Here we’ve summarized our favourite points from “Seven Reasons Why You SHOULD Eat Lard“, added a few of our own, and synthesized a further explanation as well as information on how to render lard from Mommypotamus.

  1. Lard is high in Vitamin D: Lard from pastured pigs contains anywhere between 500-1000 IU vitamin D per tablespoon. This is dependant on sun exposure and diet and why this is a unique quality of pasture vs. commercially raised pigs. The only dietary source higher in vitamin D is cod liver oil.
  2. Lard is Heart-Healthy: How can a saturated animal fat be good for my heart? Lard is in fact classified as a monosaturated fat. It’s about 45-48% monounsaturated fat (oleic acid – which is ALSO found in olive oil), 40% saturated fat and 12% polyunsaturated fats. Monosaturated fats are the ones responsible for lowering “bad” LDL cholesterol while sustaining “good” HDL cholesterol.
  3. Lard is a great cooking fat: The smoke point is 370F. You can bake, saute, and deep fry at these temperatures which is a huge perk in our kitchen.
  4. Lard can be ethically, sustainably, and locally produced: Outside our back door does not get any closer!
  5. Lard is economical: At $5 a lb for nutritious pasture-raised lard, it is just a few dollars more than the generic lard you may find in at a commercial chain store.
  6. Lard is easy to make and store: When rendered down the fat is easy to store in a jar in the fridge, freezer, or canned in the cellar. In its pure state it can last up to a year.
  7. Lard is what grandma used to use: In a diet that gets back to eating simply, lard is a standout star of traditional and simple fats.
  8. Lard does not have a strong taste: Don’t worry, it won’t make everything like bacon.

Orchard update

Spring has sprung! This is our first spring on the farm and we have been working hard to get everything set up so we can enjoy some harvests in the next 3-7 years. The sooner we get things in the ground the fewer years we will have to wait to hit full production. In the meantime, we will be enjoying fruits this year from our Gravenstein apple, Bartlett pear, and Italian Purne plum. All three got a pretty intense pruning this spring and we hope they appreciated it! There are a few faster-producing bushes and canes we are hoping to see production beginning on this year too. Namely, the blackberries, blueberries, raspberries, figs, and mulberries. Production should only ramp up on those over the next few years. Especially with the help of our secret weapon, llama poop! Those beans are black gold. They don’t need to be aged and make an awesome “tea” for the plants. All the trees and bushes got their first dose this spring, except for the blackberries, they don’t need ANY encouragement!

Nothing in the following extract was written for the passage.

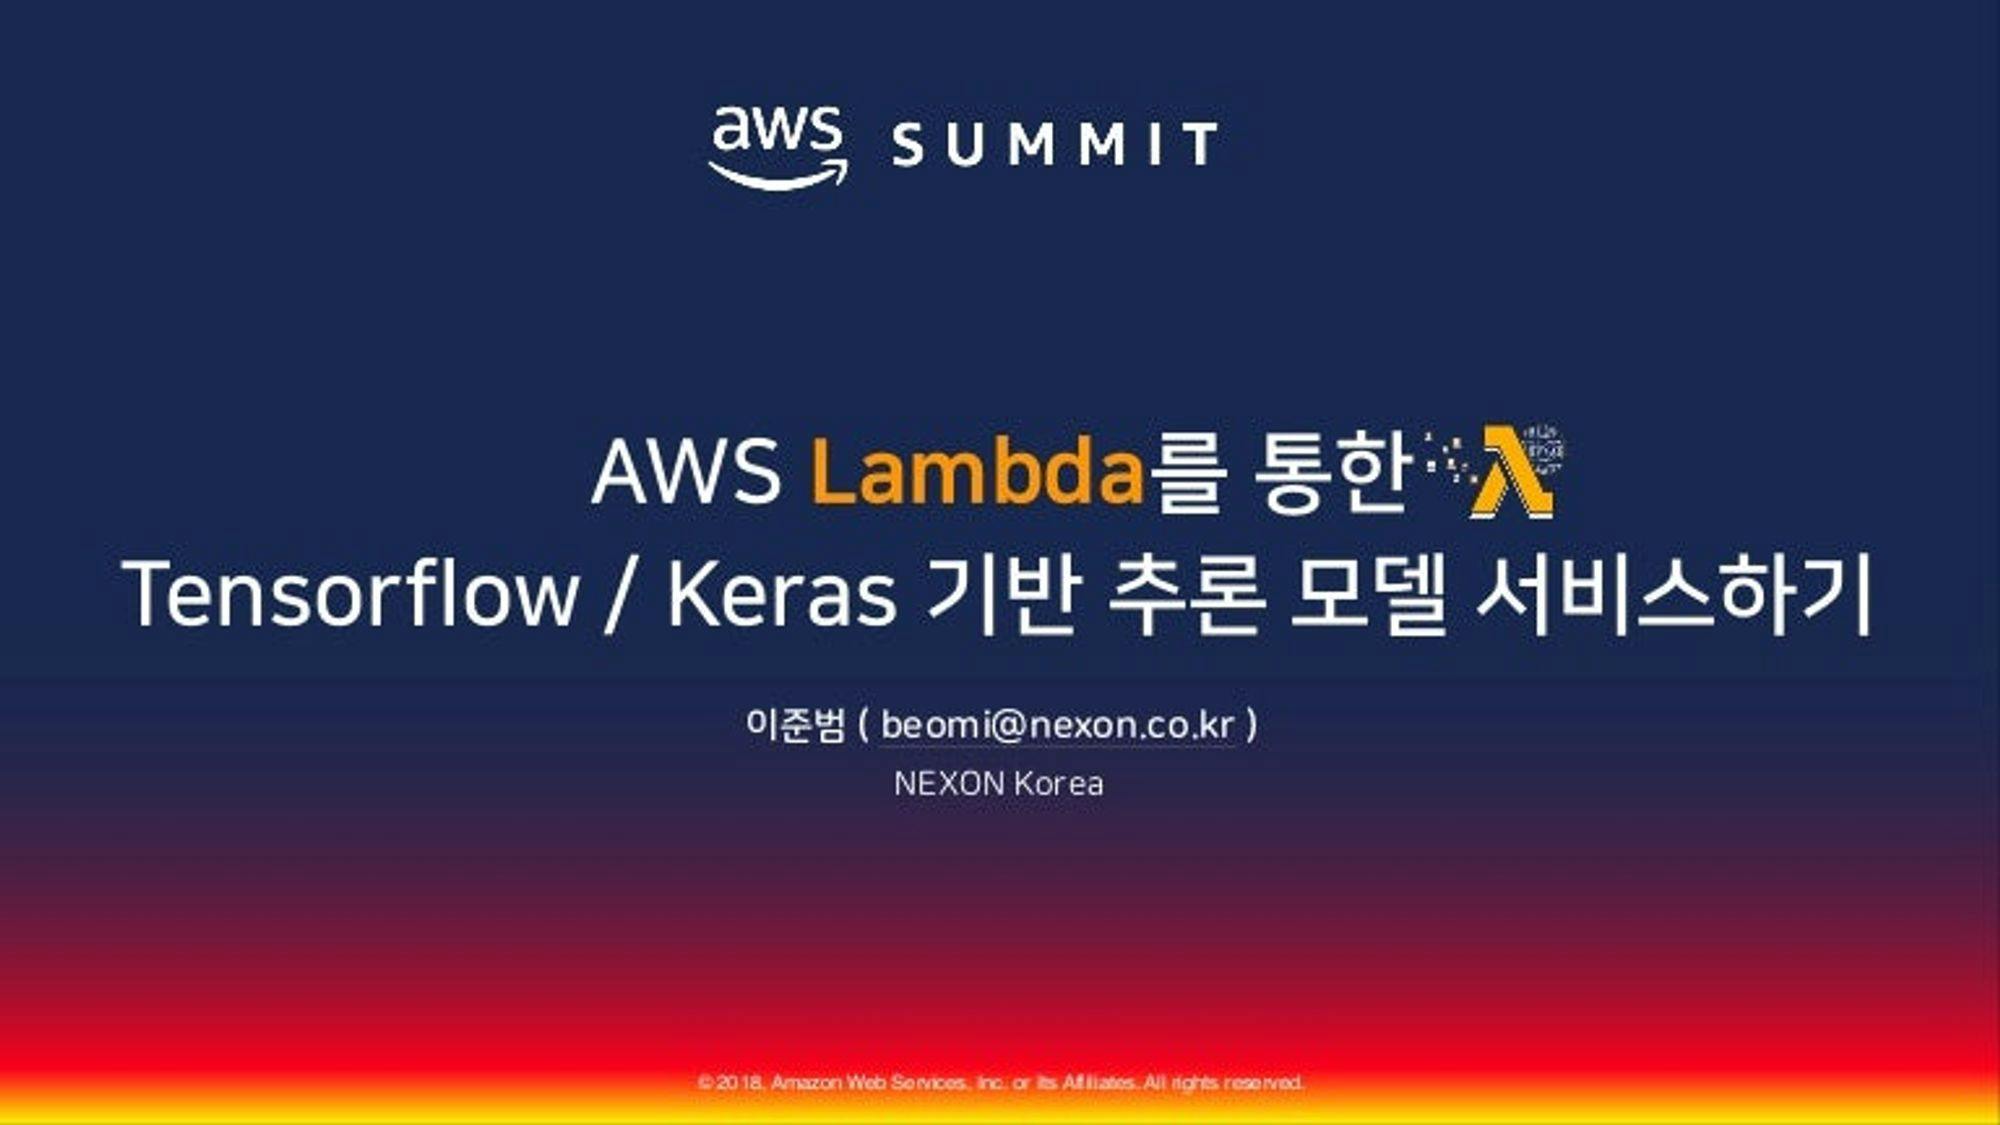 AWS Lambda를 통한 Tensorflow 및 Keras 기반 추론 모델 서비스하기 :: 이준범 :: AWS Summit Seoul 2018
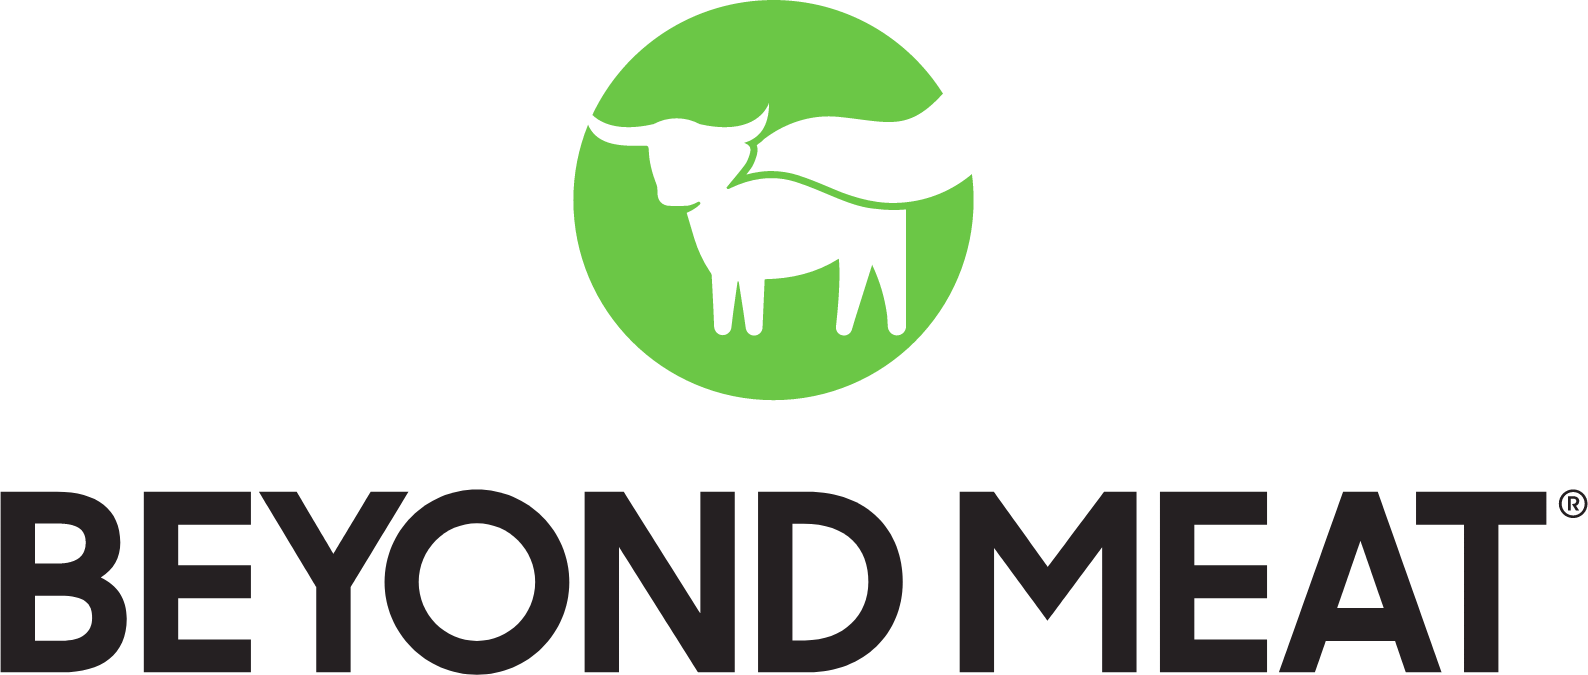 Beyond Meat logo large (transparent PNG)

Mama needs a truck! There were seven 7’+ trees and six 3′ vines in that compact SUV.

Trees we will be waiting on will be our hazelnuts (Jefferson and Theta), pears (Clapp’s Favorite and Flemish Beauty), and fuzzy kiwi vines (Hayward and Saanichton 12). It could be several years before some of these varieties fruit but there is no time like the present to start!

This isn’t quite orchard related, but tomatoes are a fruit so we’ll let it slide. Yesterday we reused some old PVC that was left here in the bushes and crafted a tomato cage with 100% reused materials. Homeschool took place in the form of measuring, counting, planning, and celebrating our earth and society by using what we had. The string will go in later when the tomatoes go in. We opted for a 5′ structure since our indeterminate heirloom tomatoes will be too hefty for those tiny little cages. Is it just me or can you all hear the Arrogant Worm lyric “uncage your tomatoes” from “Carrot Juice is Murder” when you think about tomato cages? We don’t mind laughing at ourselves. LOL.